A 15-year debate about plans to extend Frankfurt International Airport into nearby woodland erupted this month into scenes resembling civil war. Hooded youths barricaded freeways, catapulted steel pellets at police, and hurled Molotov cocktails - all in the name of ecology. The cause was the State of Hesse's stubborn insistence on enforcing its legal right to chop down 300,000 trees and build a 2.5-mile concrete runway designed to keep the airport internationally competitive in the 1980s.
But last weekend's fierce clashes may just have spawned the seeds of a compromise, for both sides seemed genuinely shocked at what they had done. The conflict, known locally as the ''Battle of Startbahn West'' (West runway), highlights West Germany's problems in weighing a staunch attachment to the rule of law against respect for the rights of aggrieved minorities.
The antirunway campaign began more than a decade ago as a suburban movement uniting anxious citizens concerned about noise and air pollution, preserving scarce woodland, and protecting the value of their property. But it escalated into a relentless battle of wills between the modern industrial state and its critics.
Supporters of the $60 million extension say the extra 15 percent capacity it will provide is essential if Frankfurt is to maintain its place as Europe's second-busiest airport. Flight delays have become so frequent that major airlines are threatening to desert Frankfurt, putting many of the airport's 32, 000 jobs at risk, they say.
Opponents argue the runway would only fractionally increase capacity at a time when world air traffic is contracting anyway - and this at the cost of untold damage to Frankfurt's already troubled environment. The financial metropolis with a population of some 700,000, was bombed to rubble in World War II and has a chronic shortage of green space.
But it is a war of faith rather than figures, pitting disaffected youth against hardened politicians and job-conscious trade unionists in a standoff similar to West Germany's running conflicts about nuclear energy and NATO's nuclear weapons.
The antirunway movement has long been an uneasy coalition between worried citizens, genuine ecologists (the so-called ''greens'') and radicals (nicknamed the ''red greens''). In what looked like a desperate bid to prevent the inevitable, they got up a petition with more than 220,000 signatures recently to have the issue decided by a referendum.
State Premier Holger Borner dismissed the move as unconstitutional, and unless the Hesse Supreme Court overrules him, the protesters will have reached the end of their road in legal efforts to have the airport extension scrapped. A private opinion poll conducted for the state government shows that even if a referendum were held tomorrow, 60 percent of the local electorate would still vote for the runway.
The signs are that the protesters realize this and are turning instead to civil disobedience.
Mr. Borner decided not to sit back and let justice take its plodding course. In a surprise move, he sent 5,000 battle-dressed riot police into the woods last month to demolish a makeshift village of wooden huts built by demonstrators in the path of the proposed runway. The government was acting within its rights, but its tough stand set off a chain reaction of violence in which both policemen and protesters ran wild. On the antirunway side, the ''red green'' radicals took over.

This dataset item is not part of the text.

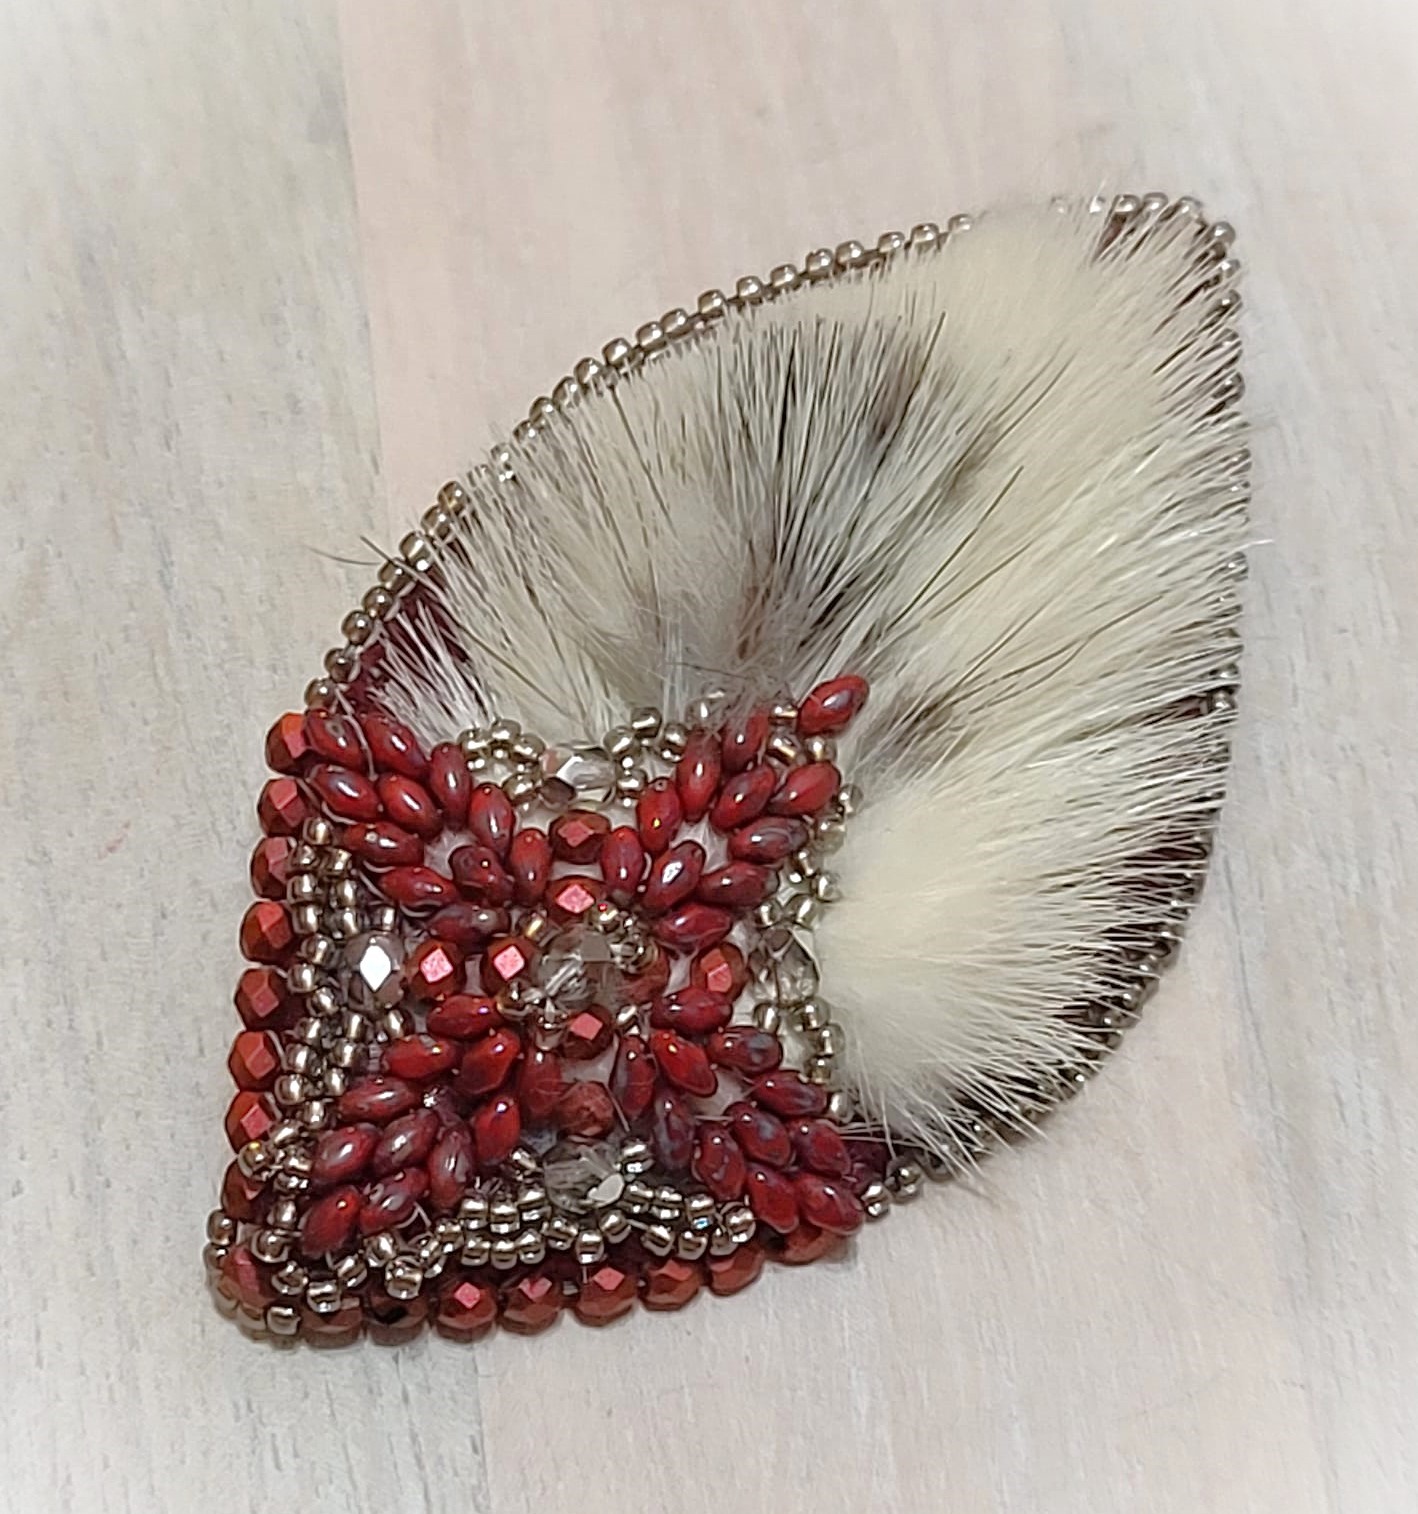 Bead and crystal pin, mink fur accents, handcrafted,

A police force driven to the edge of tolerance by some 600,000 hours of overtime this year because of the airport issue swung its batons with almost desperate fury, sparing neither journalists nor bystanders. In two weeks of almost daily clashes, hundreds of people were injured and damage ran to millions of dollars.

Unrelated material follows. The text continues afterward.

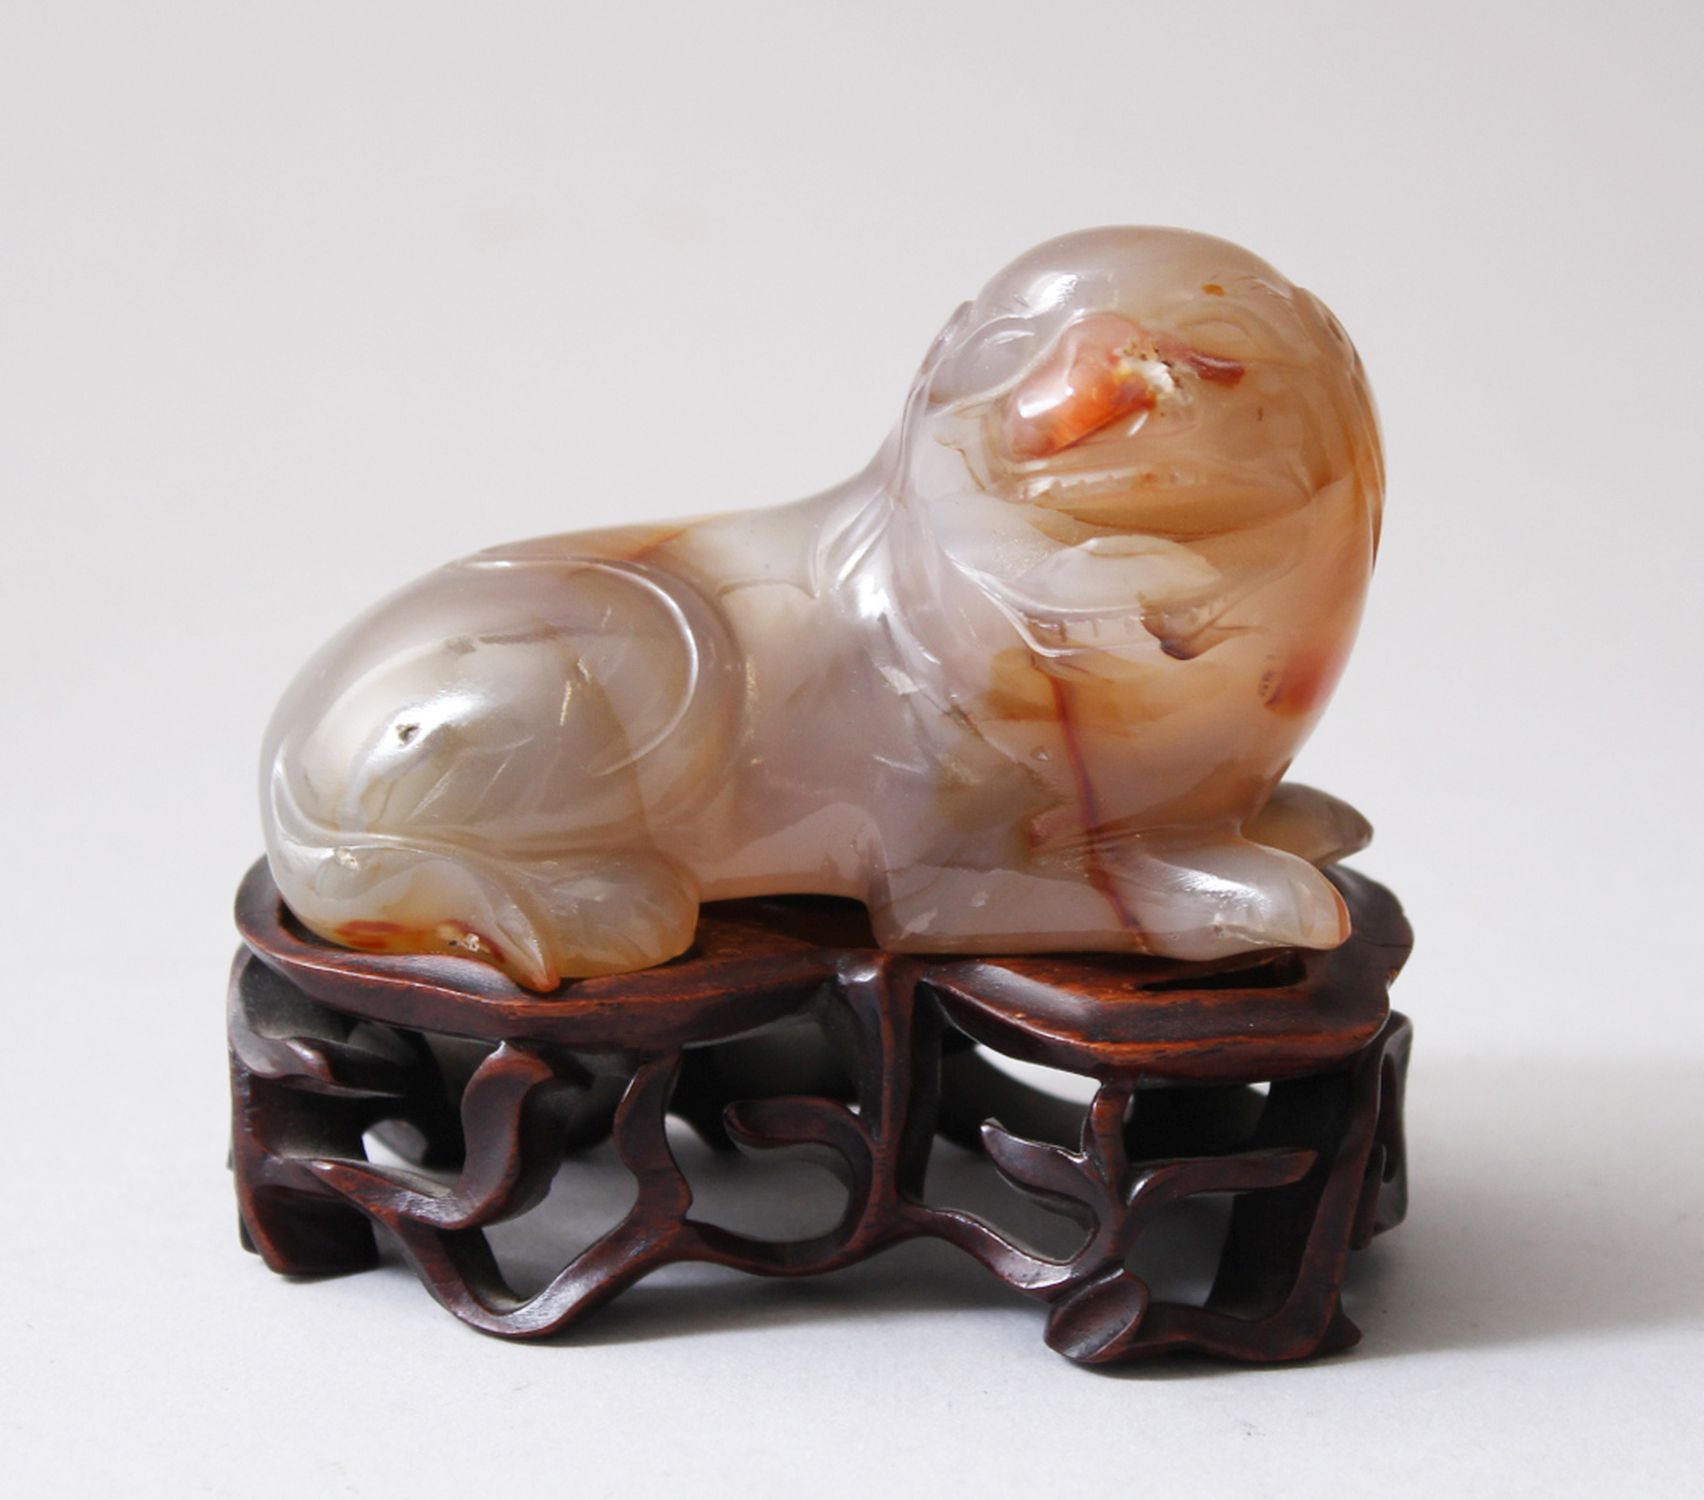 A 19TH CENTURY CHINESE AGATE CARVED FIGURE OF A DOG & HARDWOOD STAND, the agate dog measures 5cm

West German commentators, stunned by the violence, seemed perplexed at the passions unleashed by the runway issue and unable to focus on anything except the threat to the rule of law. The lack of flexibility on both sides, thwarting patient mediation efforts by the Lutheran Church, had turned a nagging local conflict into a bitter national confrontation in which both sides were utterly convinced of their own rectitude.

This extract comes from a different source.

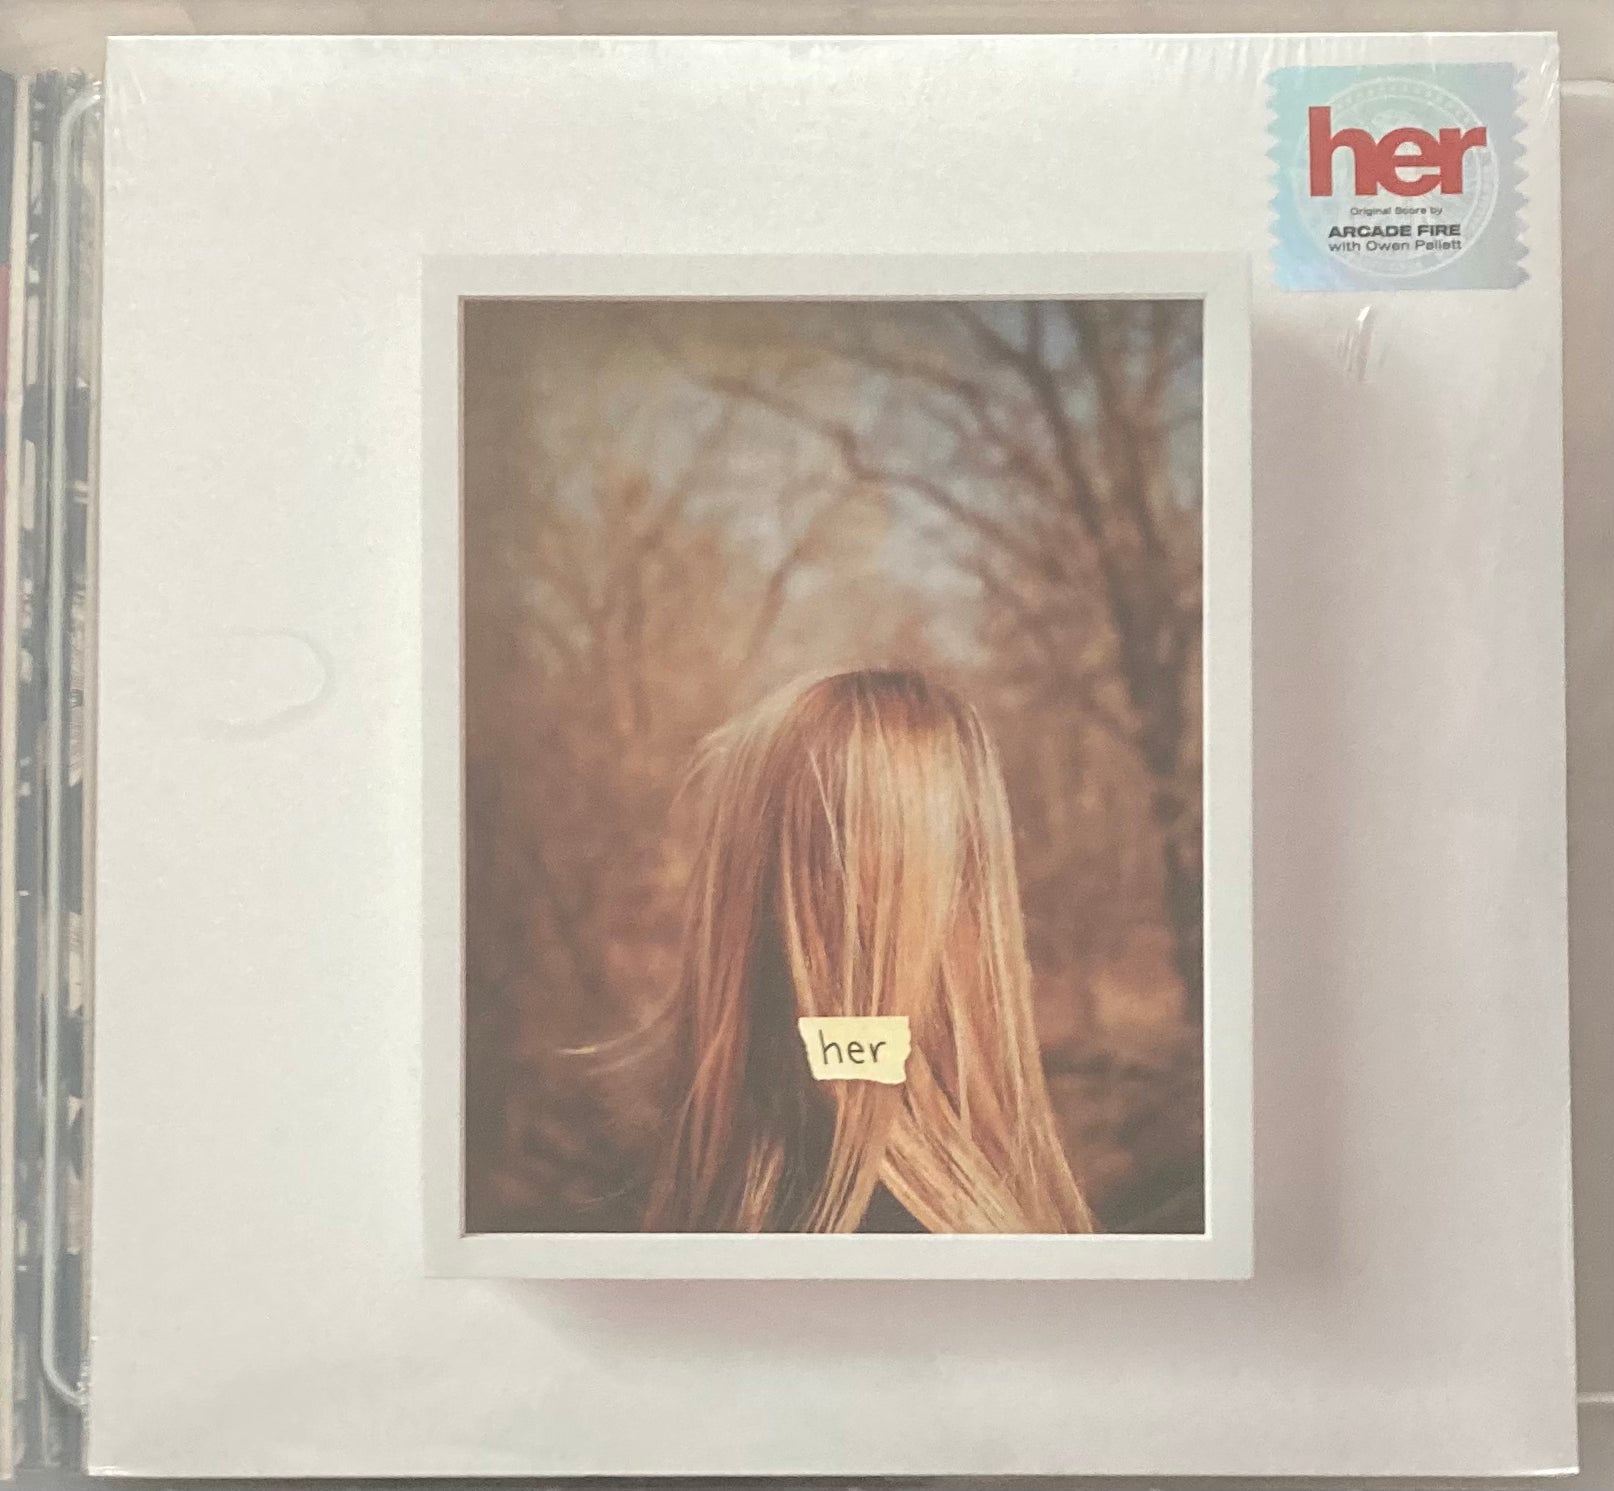 The front of 'Arcade Fire - Her' on vinyl

The margin for compromise is slim, since as one local official said, ''You can't build half a runway.''
But there may just be a way out. If concerned citizens can regain control of their movement from the radicals, and if Mr. Borner's shaky government feels able to make concessions without losing face, they might agree to a symbolic tree-felling stop for the few weeks until the Hesse Supreme Court rules on the legality of a referendum.